They retired to the parlor, and Zareth chose the seat closest to the fire. Only after watching the mage press his hands tightly together did Stephen realize that he felt chill. Rather than call the servants, Stephen began to build up the small fire himself.

“Thank you,” said Zareth, a trifle dryly. “I'm sorry to be so obvious in my infirmity.”

“I'd rather see an infirm mage than an active one,” Stephen replied, equally dryly.

Zareth laughed softly. “I imagine you would. You're Stephen?”

“Does it show?”

Zareth spoke much more softly. “Yes. I was told there would be a Hunter and his huntbrother—and I've rarely heard of a sullen and suspicious huntbrother.”

Stephen smiled and turned back to the fire. He had surprised himself—he hadn't thought to like the mage that the Order would send.

Lady Elseth, however, had not apparently warmed to the visitor at all. While she was polite, even solicitous, and certainly a graceful hostess, her face was very set, and her eyes were free from the lines that bespoke a genuine smile. She waited until Stephen took a seat before she began to speak, and it quickly became clear that she intended to do all of the talking for the Elseth contingent.

“Let us come immediately to the matter at hand.” She rested her elbows upon the arm of her chair, and rested her chin upon the tips of her pale fingers. “Ten days past, my estates were invaded by unknown men—led by a member of the Order of Knowledge.”

Zareth nodded intently. “So you said in your letter.”

“That member's name is Krysanthos.”

“Are you certain of that?”

She nodded, not even glancing to the side to look at Stephen's face. “He is not, I assume, still in the capital?”

Zareth glanced down at the ground between his feet. “No, Lady. A summons was sent for him, but I do not believe it will be answered.”

“How convenient.”

This time, Zareth flinched. “I have come with an offer of restitution for any damages caused; the Order will cover your costs.”

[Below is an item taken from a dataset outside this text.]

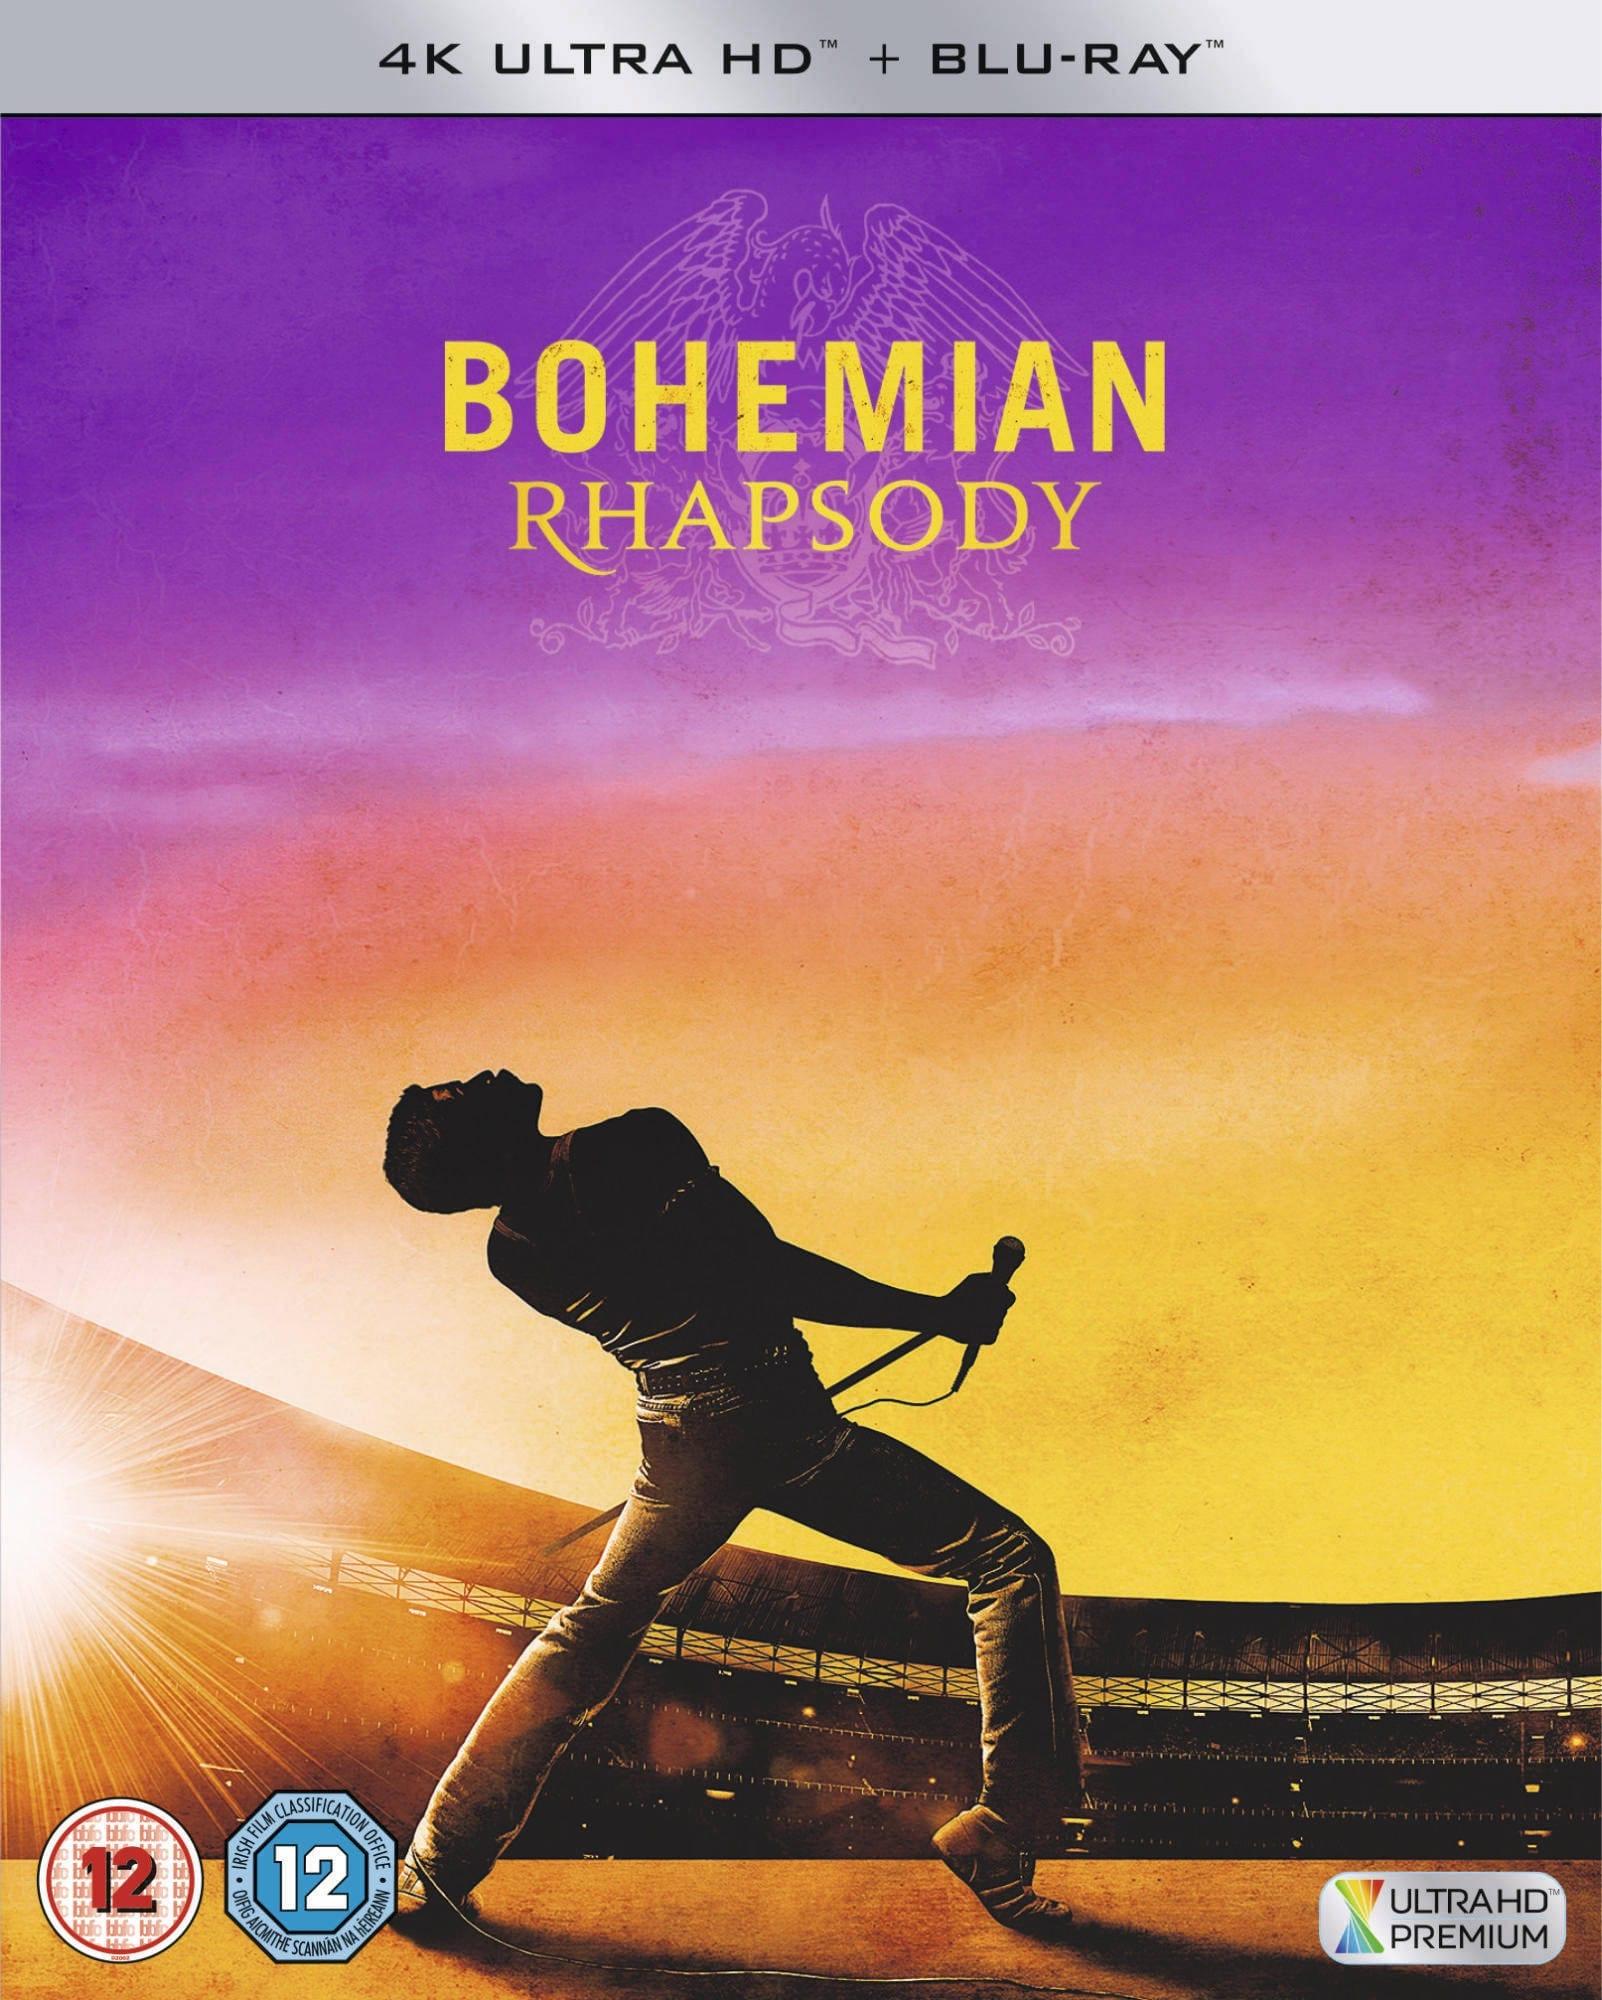 Win Bohemian Rhapsody on 4K Ultra HD Blu-ray - Movies Games and Tech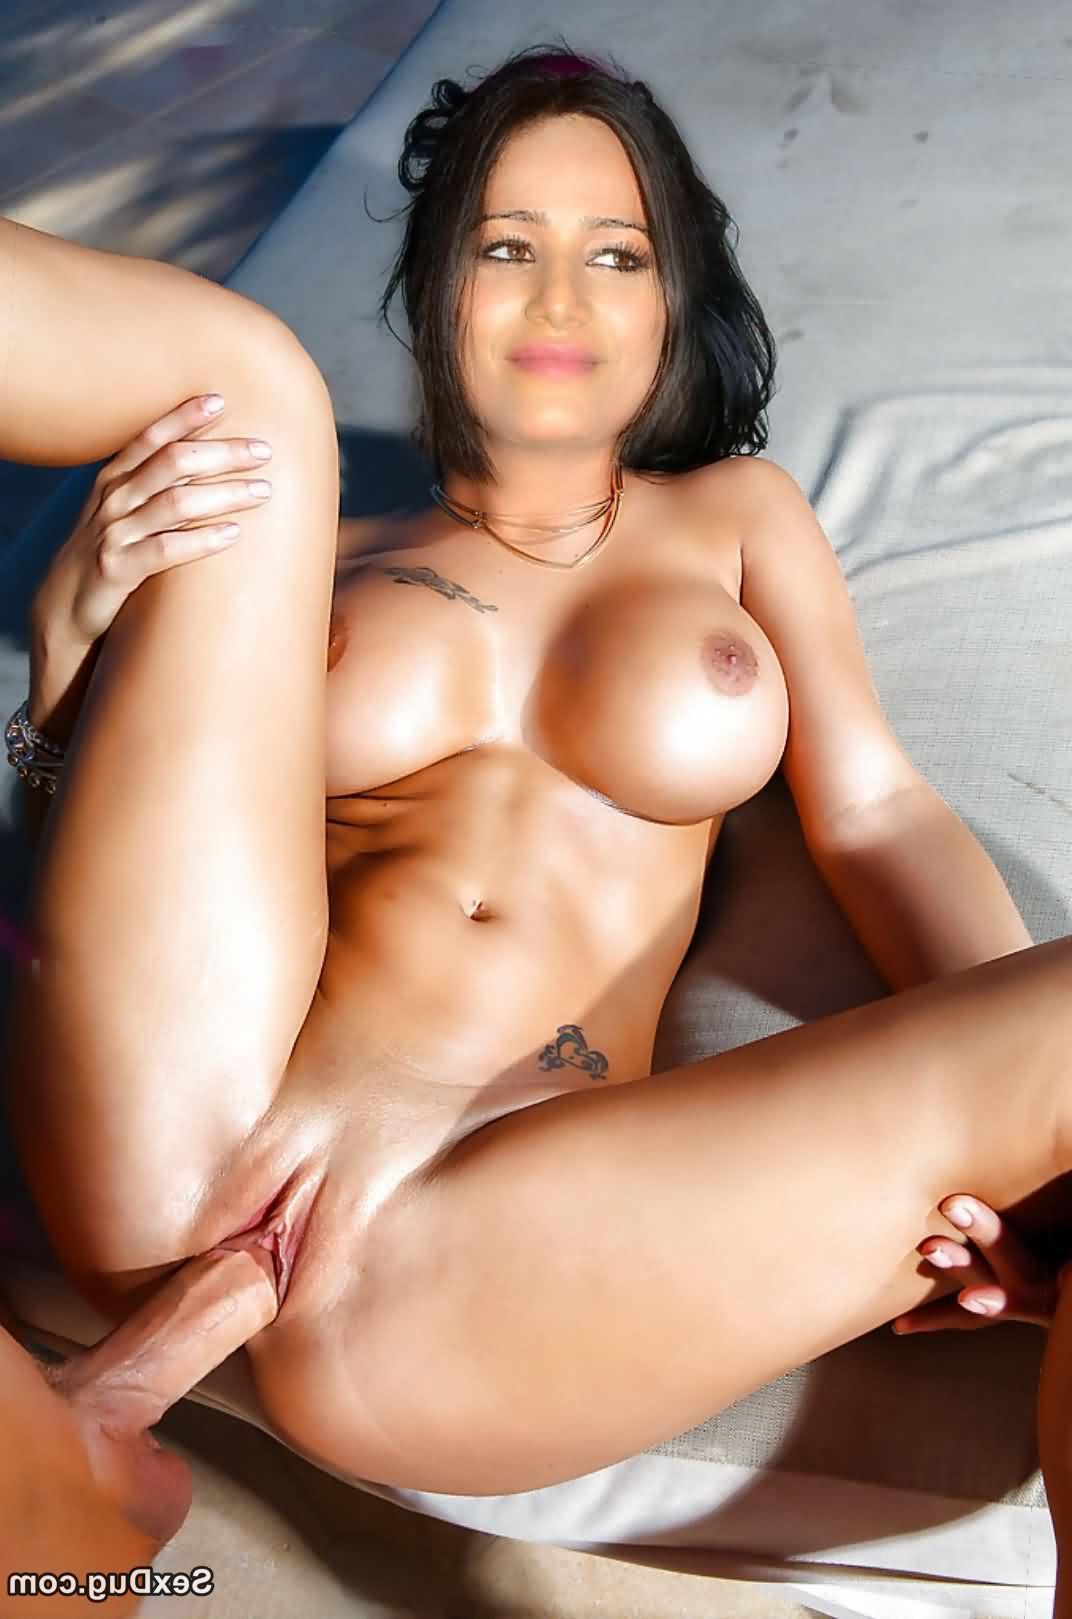 Poonam Pandey sex xxx 6 - Poonam Pandey Nude Hot Sexy Photos

“That is acceptable,” Elsabet replied. It was her turn to wait.

“You haven't brought this to the attention of the Queen's court?” Zareth asked softly. His hands, resting also against the arms of his chair, now gripped the rests almost convulsively.

“Is there any reason why I should not have done so?”

“No, of course not.”

She watched him, her face set in the lines of judgment. After a moment, unblinking, she added, “But, no, I have not yet notified that court.”

His relief was obvious, although his stance changed very little. “We appreciate your forbearance in this, Lady. As you well know, the mage-born are feared by the populace at large. We wish to avoid panic or any hasty re-actions.”

At this, the lines of Elsabet's mouth curved into a sardonic smile. “Such as the reception my villagers gave you?”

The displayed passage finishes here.